自閉症は、現在では「自閉スペクトラム症(Autism Spectrum Disorder:ASD)」と呼ばれることが一般的です。この「スペクトラム」という言葉には、「連続体」や「範囲」という意味があり、自閉症の特性が一人ひとり異なり、その現れ方や程度がグラデーションのように多様であることを示しています。
ASDは、生まれつきの脳機能の発達の偏りによって起こる発達障害の一つです。以前は、自閉症、アスペルガー症候群、広汎性発達障害といった異なる診断名が使われていましたが、アメリカ精神医学会が発行する『精神疾患の診断・統計マニュアル』の第5版(DSM-5)からは、これらの診断名が「自閉スペクトラム症」という一つの診断名に統合されました。
ASDを持つ人々は、主に「対人関係や社会的なコミュニケーションにおける持続的な困難」と「限定された興味や反復的な行動、感覚の特性」という二つの領域において特徴的な特性を示します。ただし、これらの特性の現れ方は、個人の発達段階、知的レベル、言語能力、環境などによって大きく異なります。

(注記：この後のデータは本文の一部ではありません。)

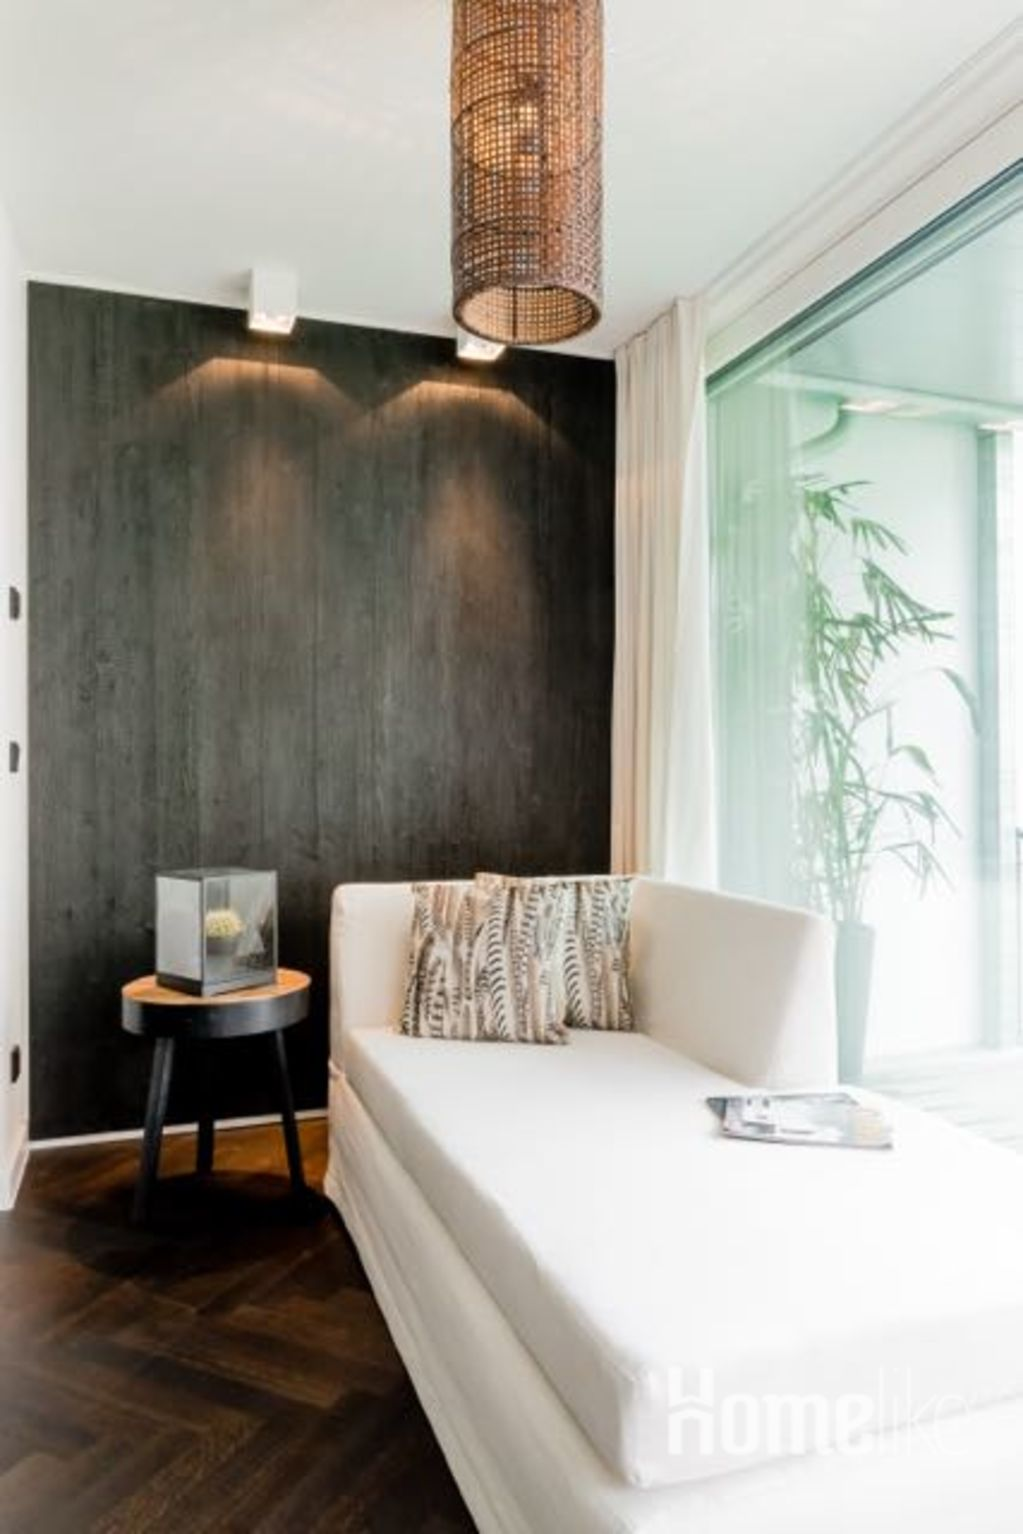 image 7 furnished 2 bedroom Apartment for rent in Dusseltal, Dusseldorf

そのため、一概に「自閉症の人はこうだ」と決めつけることはできません。まさに「スペクトラム」という言葉が表すように、非常に多様な人々が含まれる概念です。
自閉症の主な特徴
自閉症スペクトラム(ASD)の主な特徴は、前述の通り、「対人関係やコミュニケーションの特性」と「限定された興味や反復的な行動、感覚の特性」という二つの領域に現れます。これらの特性は、乳幼児期から見られることもあれば、成長してから、あるいは大人になってから社会生活で困難を経験することで気づかれることもあります。
コミュニケーションや対人関係の特性
ASDを持つ人々は、言葉によるコミュニケーションだけでなく、非言語的なコミュニケーション(視線、表情、声のトーン、身振り手振りなど)の理解や使用に難しさを感じることがあります。また、社会的な状況を読み取るのが苦手だったり、他者の気持ちや意図を推測することが難しかったりすることもあります。
具体的な例としては、以下のような特性が見られることがあります。
- 視線が合いにくい、あるいは不自然な視線:会話中に相手の目を見続けるのが難しい、あるいは全く視線を向けないことがあります。逆に、じっと見つめすぎてしまうこともあります。

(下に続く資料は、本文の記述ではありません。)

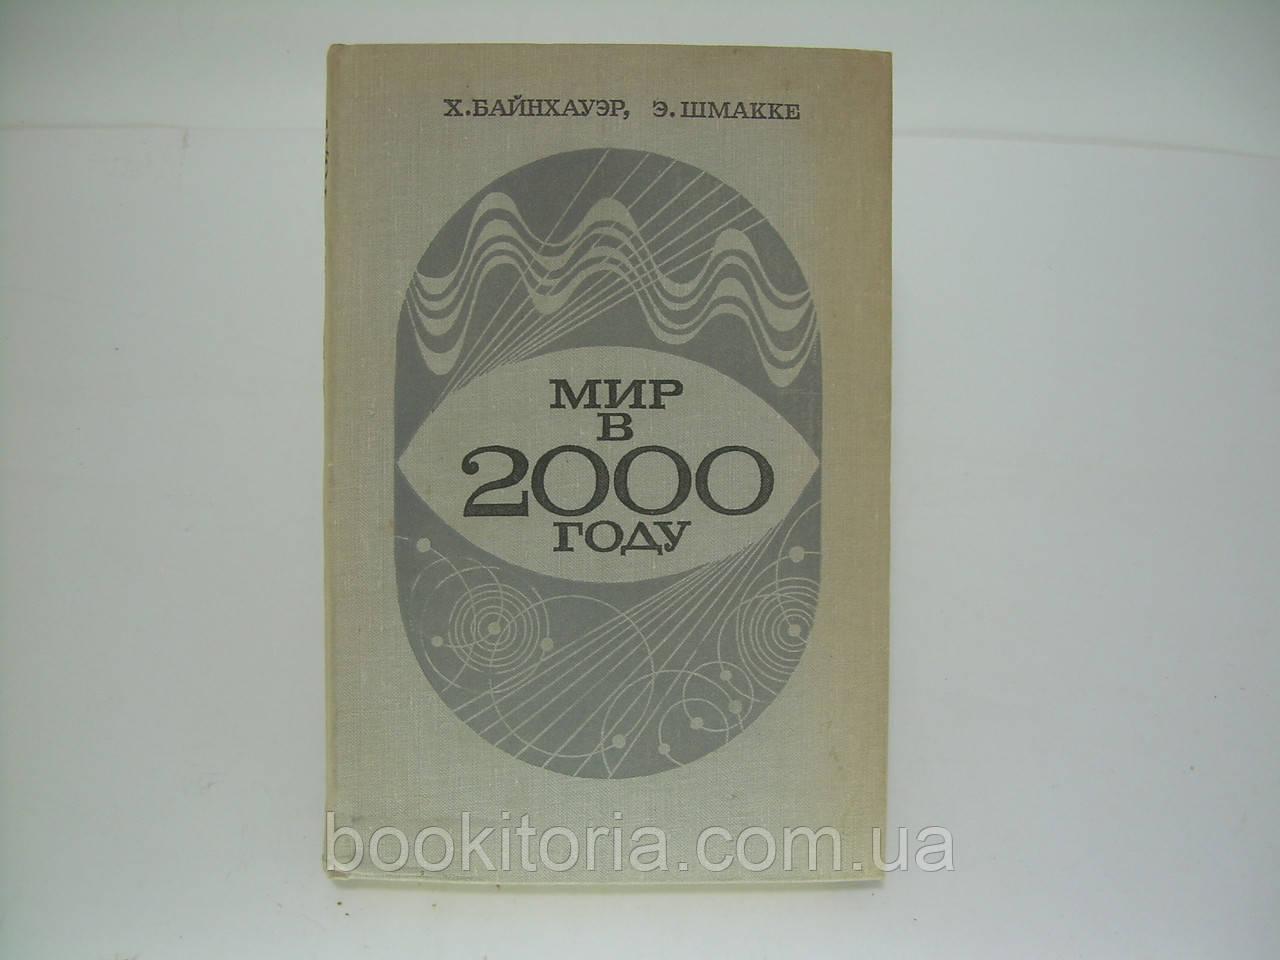 Байнхауэр Х., Шмакке Э. Мир в 2000 году. Свод международных прогнозов (б/у).

- 表情や声のトーンから感情を読み取るのが苦手:相手が怒っているのか、喜んでいるのか、皮肉を言っているのかなどを、表情や声のトーンだけで判断するのが難しいことがあります。
- 身振り手振りやジェスチャーの理解や使用が少ない、あるいは独特:話す際に自然な身振り手振りが伴わない、あるいは相手のジェスチャーの意味が理解しにくいことがあります。
- 会話のキャッチボールが苦手:自分の話したいことだけ一方的に話し続けたり、相手の話にどう応答すれば良いか分からなかったりすることがあります。唐突に話題を変えることもあります。

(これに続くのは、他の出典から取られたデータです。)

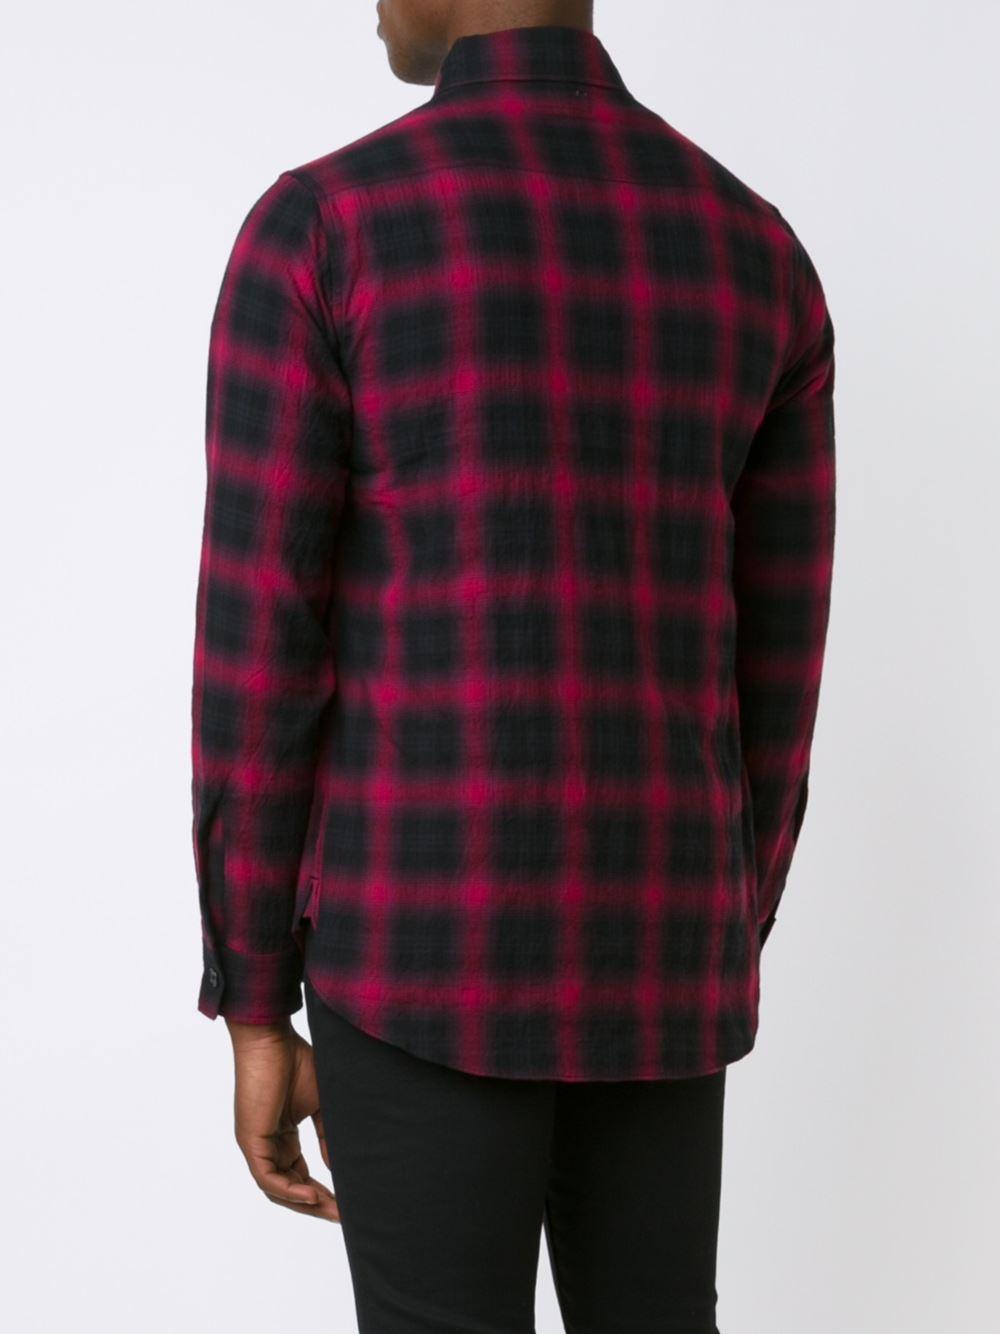 saint-laurent-check-shirt-4

- 言葉を文字通りに受け止める:比喩、皮肉、冗談などを文字通りに解釈してしまい、真意が伝わりにくいことがあります。「猫の額」と聞いて、本当に猫のおでこを想像してしまうようなケースです。
- 場の空気を読むのが難しい:その場にふさわしい言動が分からなかったり、周囲の人の感情や雰囲気に気づきにくかったりすることがあります。
- 興味のあることについて一方的に話す:自分が強い興味を持っていることについては、相手の関心に関わらず、長時間話し続けることがあります。
- 人間関係を築くことへの関心の低さ、あるいは方法が分からない:友達を作りたい気持ちはあるものの、どのように関係性をスタートさせ、維持すれば良いかが分からずに孤立してしまうことがあります。
これらの特性は、単に「人付き合いが苦手」ということではなく、脳の情報処理の仕方の違いから生じる、コミュニケーションや社会性の根本的なメカニズムに関する困難であると理解することが重要です。
限定された興味、反復的な行動(こだわり)
ASDを持つ人々は、特定の物事に対する強い興味や関心、あるいは特定の行動を繰り返す傾向(こだわり)が見られることがあります。これらの特性は、本人の生活や学習、社会参加に大きな影響を与えることがあります。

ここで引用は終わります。